UNA NOCHE INOLVIDABLE

No se festejaba, por el momento, el ascenso, pero fue lo mas parecido. El estallido de alegría que produjo la chicharra que marcó el final de los cuarenta minutos, condujo a un festejo conmovedor entre jugadores, técnicos, directivos e hinchas. Es alegría y bronca contenida de un grupo de gente que en forma paralela pelea por lo deportivo y lo institucional y que se propuso poner a Imperio Juniors en el lugar que merece.

Fueron cuarenta minutos vibrantes donde el común denominador fue la emoción, la incertidumbre del resultado final y la pasión de este grupo de jugadores acompañados por sus fieles seguidores. Fue una fiesta de la que quedan recuerdos imborrables, de hechos ocurridos tanto dentro del rectángulo como fuera de él.

El equipo respondió con garra y su gente se hizo notar. El paso a la siguiente ronda para luchar por un lugar en primera A desató un festejo inmenso donde todos se confundieron en un abrazo.

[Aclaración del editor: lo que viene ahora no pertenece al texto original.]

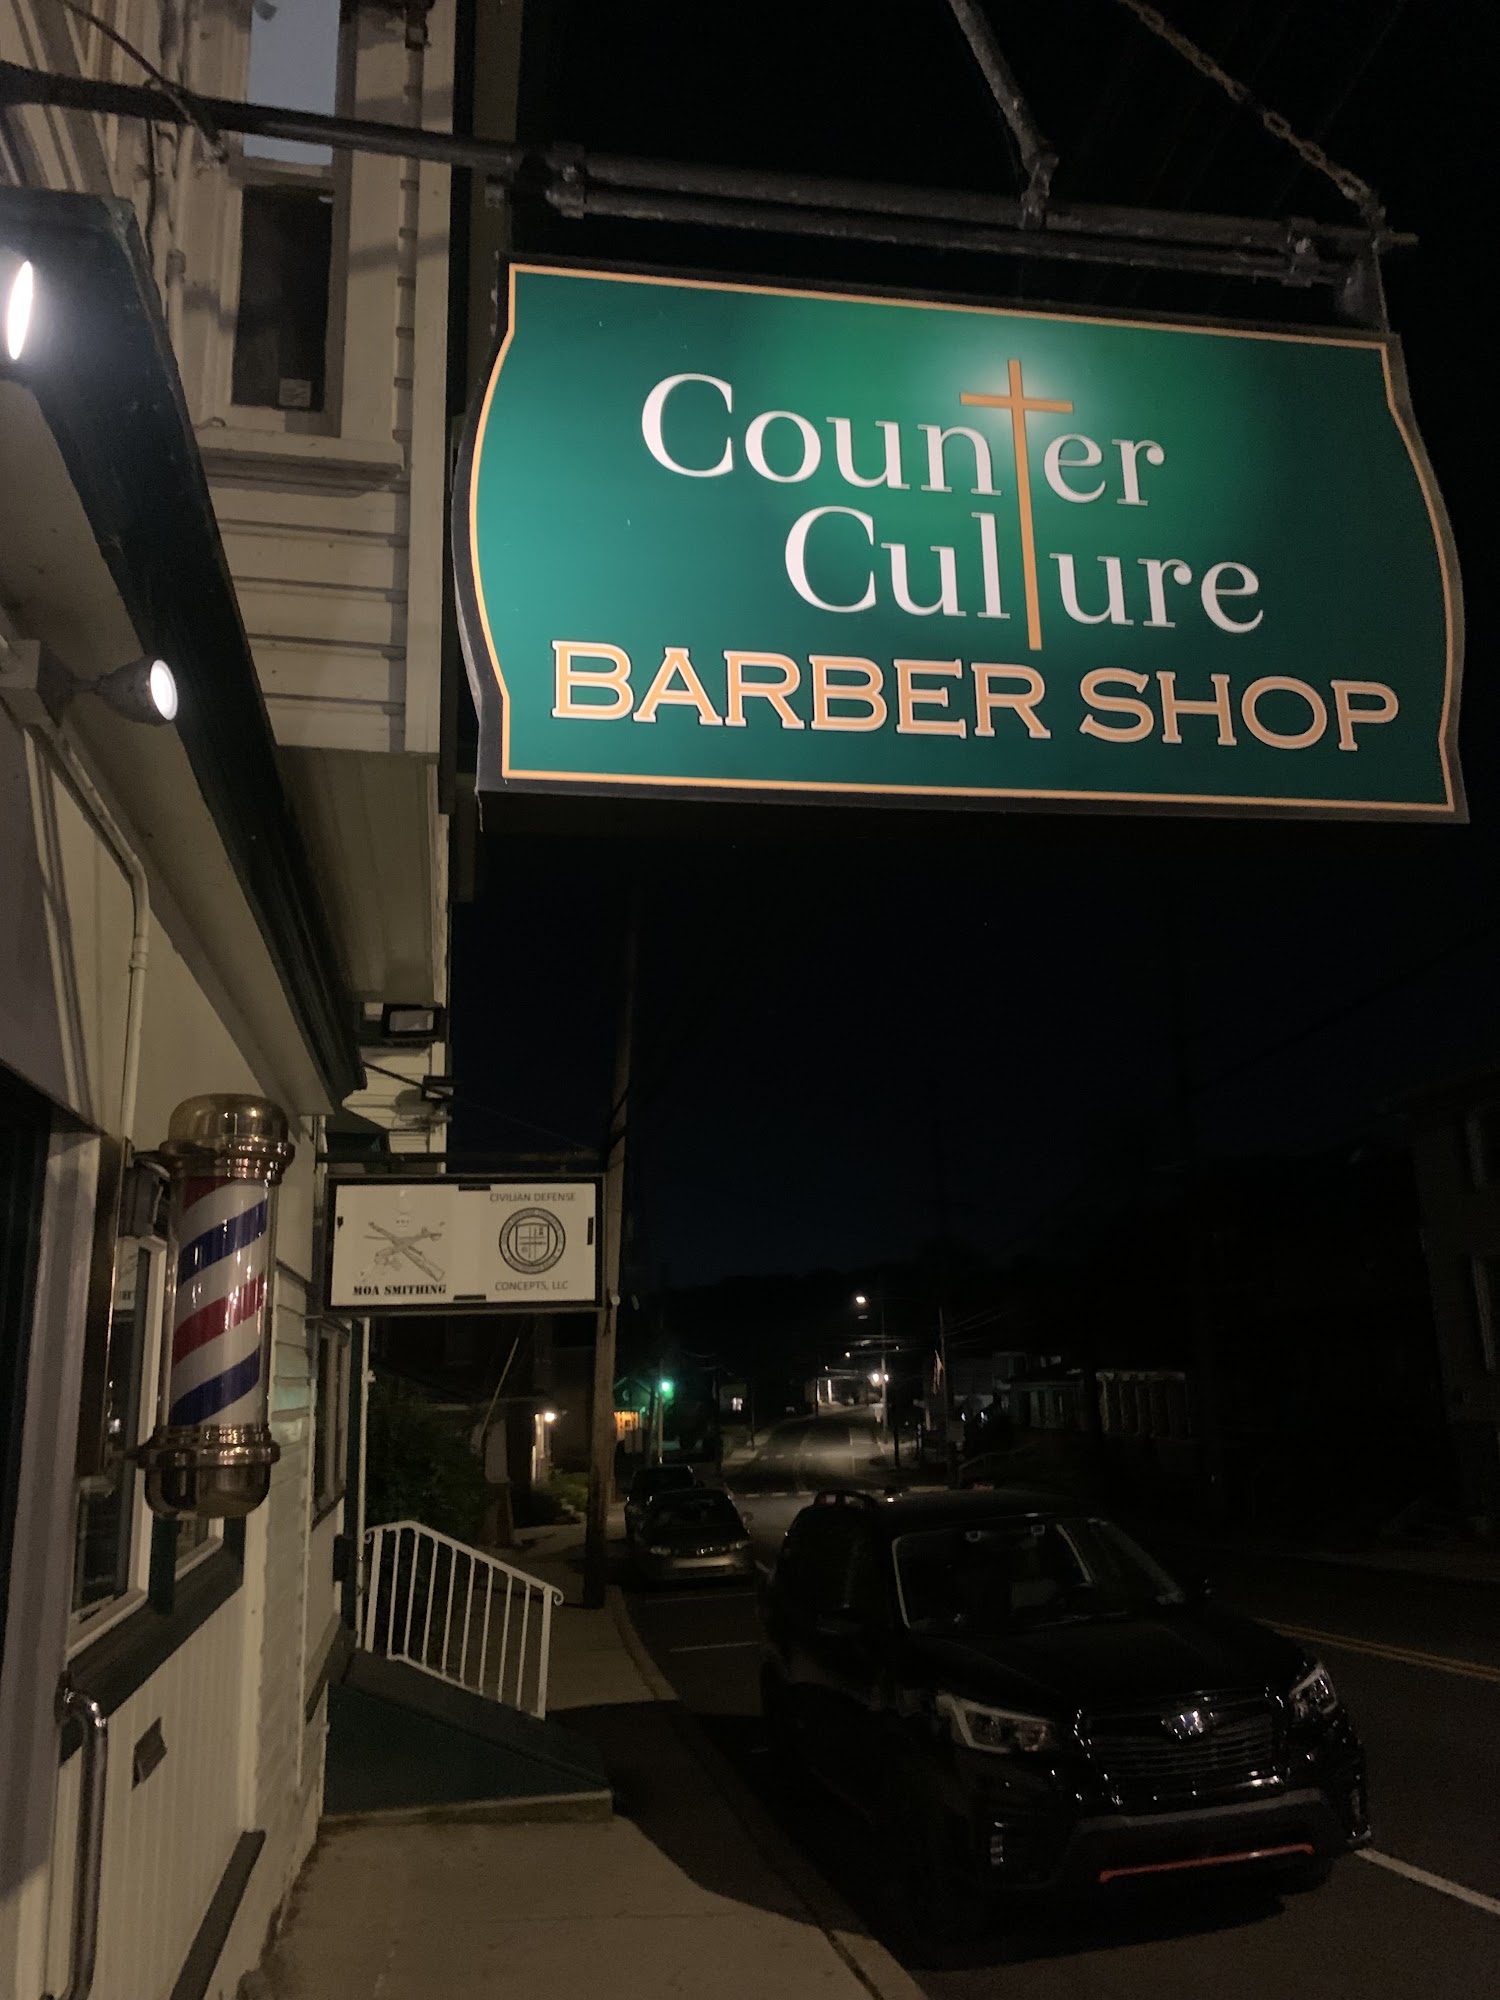 Counter Culture Barbershop 546 Main St, Schwenksville Pennsylvania 19473
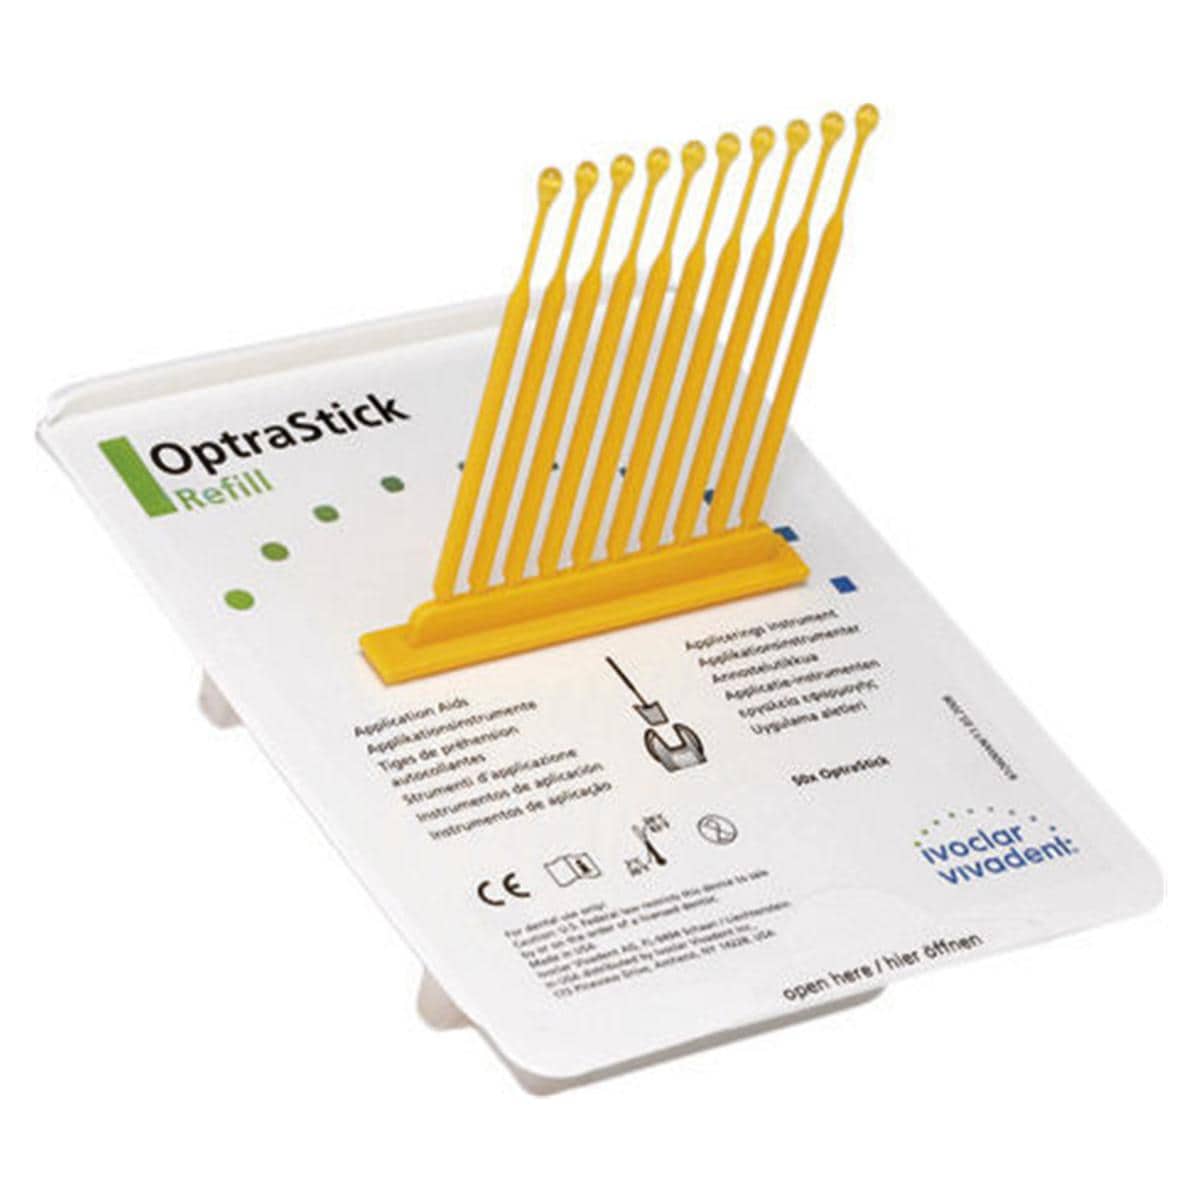 OptraStick - Emballage, 48 pcs

Ahí estaban todos. Ahí estaban los jugadores abrazados con su técnico, formando un vínculo que será muy difícil de disolver. Ahí estaban los Buzzalino, estrechados en un abrazo inmenso, interminable, conmovedor uniendo las distintas generaciones que defendieron ésta camiseta. Ahí estaban todos abrazados con sus seres queridos, agradeciéndose entre todos, prometiéndose entre todos llegar hasta el final.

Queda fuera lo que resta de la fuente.